- WHAT THE TASK ASKS -
Look through the entries below for the line with "Joshua Oluwagbemiga" and the line with "Renault_Morphoz_concept_0160", then give again exactly those two lines and all lines between them, minus the pictures.

- SUPPLIED RECORDS -
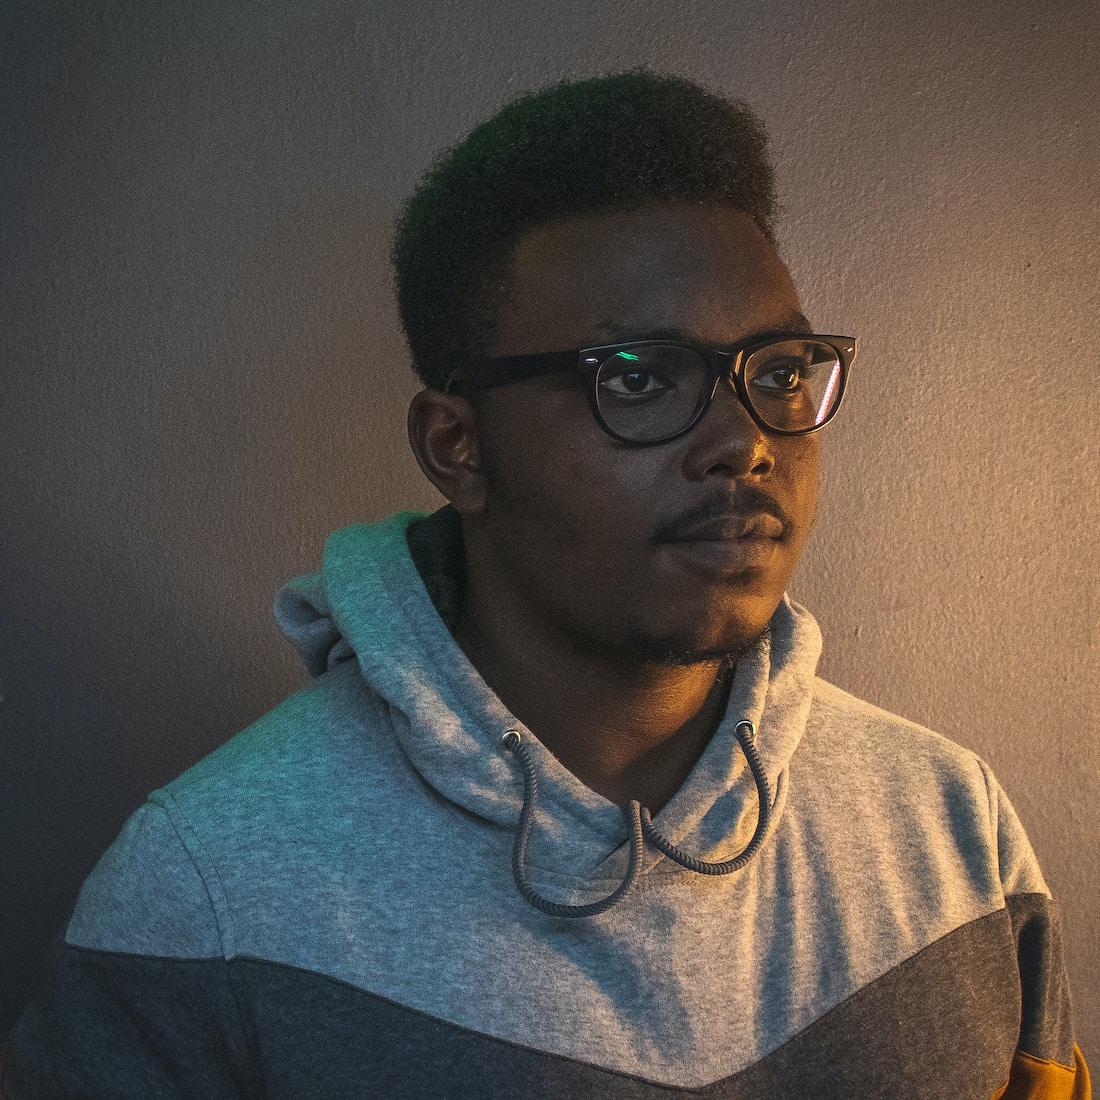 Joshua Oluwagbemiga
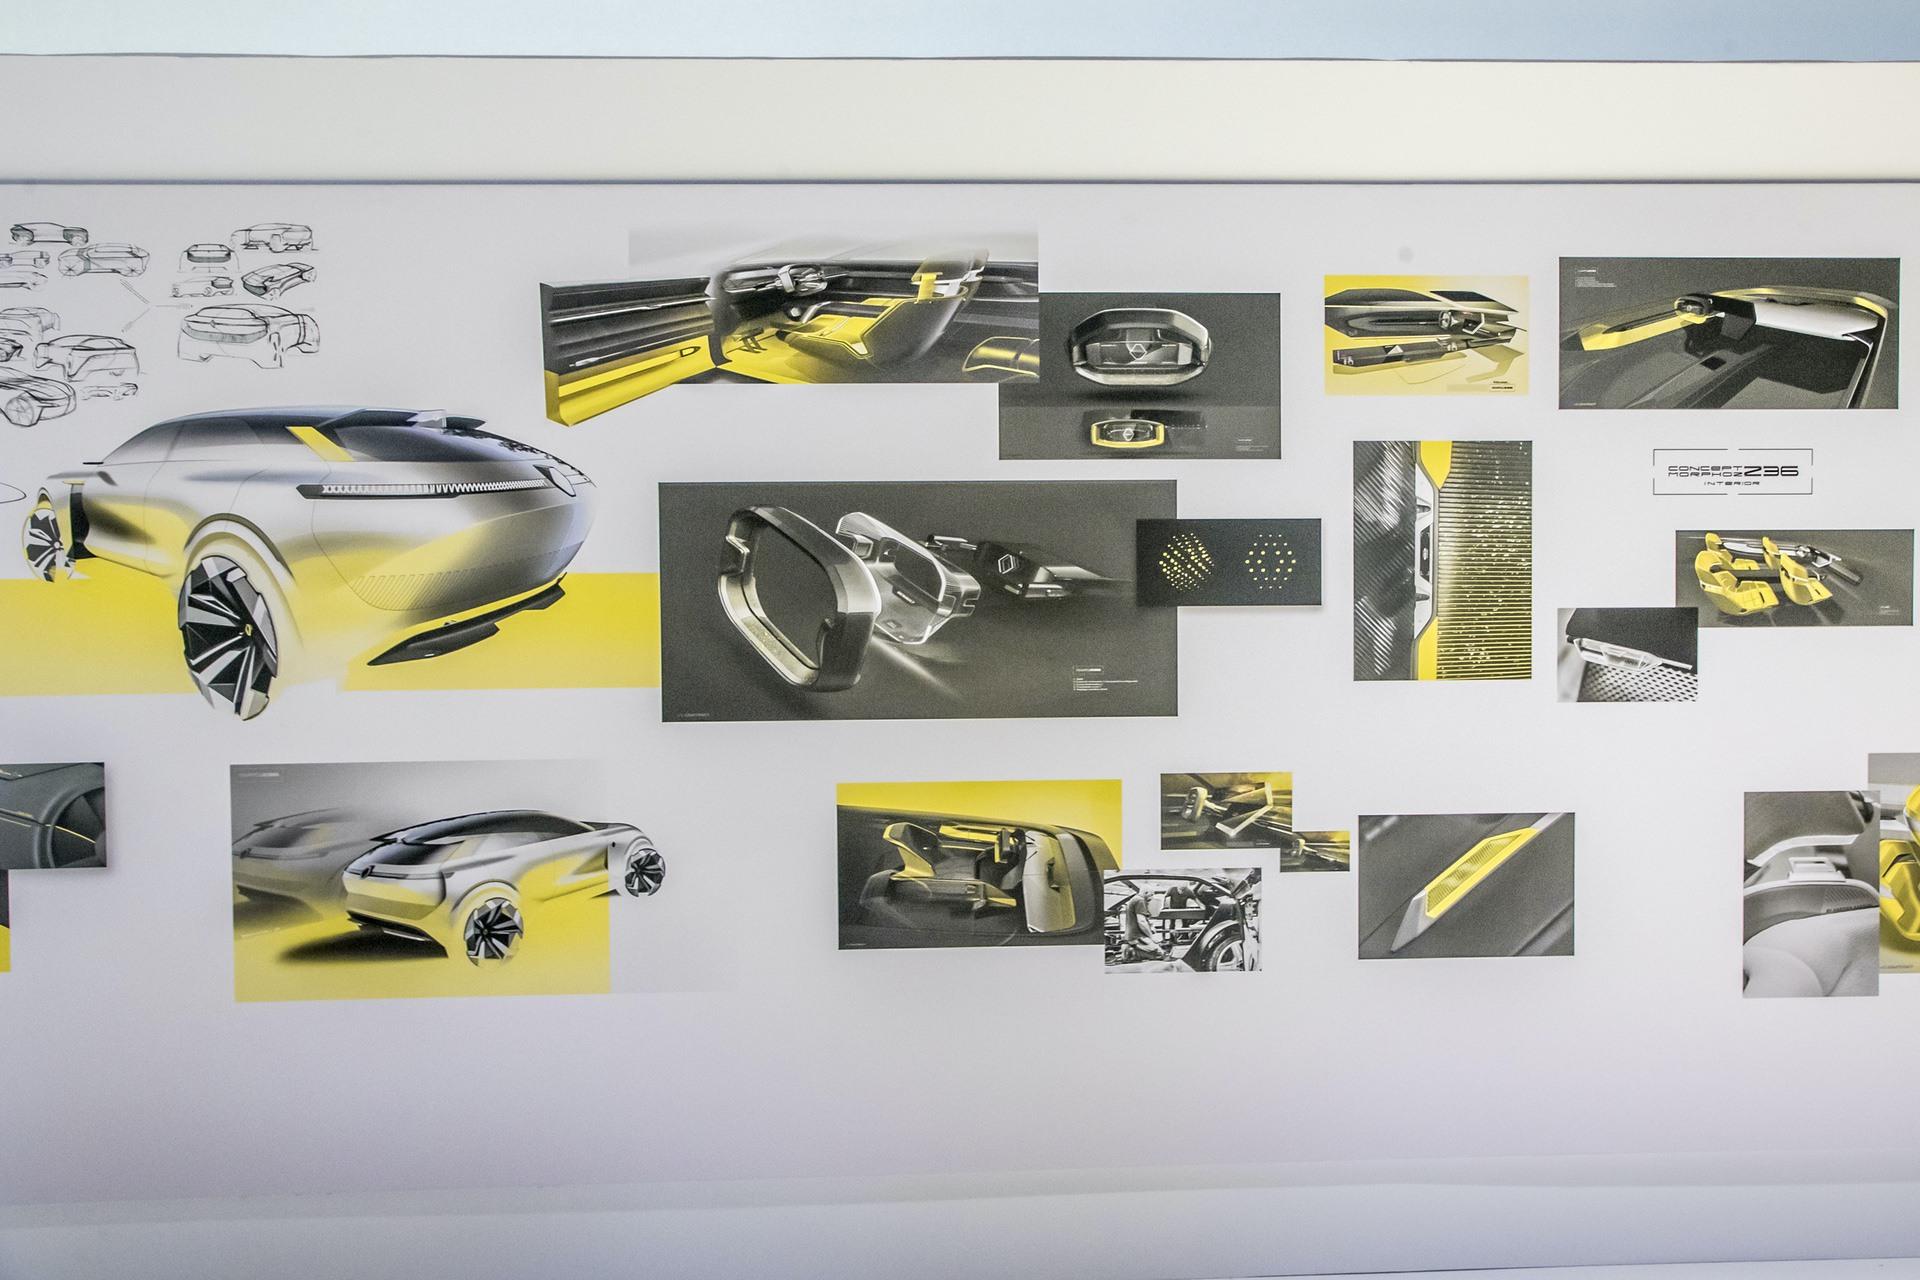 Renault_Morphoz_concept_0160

--

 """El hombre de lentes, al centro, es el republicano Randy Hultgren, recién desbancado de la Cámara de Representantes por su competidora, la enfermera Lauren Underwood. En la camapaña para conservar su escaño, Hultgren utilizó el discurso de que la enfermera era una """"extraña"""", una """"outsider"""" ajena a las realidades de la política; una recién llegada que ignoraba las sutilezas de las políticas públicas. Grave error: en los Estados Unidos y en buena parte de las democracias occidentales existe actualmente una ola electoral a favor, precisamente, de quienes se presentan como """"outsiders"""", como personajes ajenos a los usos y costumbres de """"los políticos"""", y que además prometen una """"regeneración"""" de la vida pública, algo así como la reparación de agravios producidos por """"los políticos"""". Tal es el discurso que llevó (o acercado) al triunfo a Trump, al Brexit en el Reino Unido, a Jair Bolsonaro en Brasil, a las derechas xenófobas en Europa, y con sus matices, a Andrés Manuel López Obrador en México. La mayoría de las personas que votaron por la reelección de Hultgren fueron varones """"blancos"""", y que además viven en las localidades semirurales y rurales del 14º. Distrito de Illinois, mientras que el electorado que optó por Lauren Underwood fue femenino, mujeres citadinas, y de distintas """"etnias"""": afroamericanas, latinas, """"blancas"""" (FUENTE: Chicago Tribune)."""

- TASK RESULT -
 Joshua Oluwagbemiga
 Renault_Morphoz_concept_0160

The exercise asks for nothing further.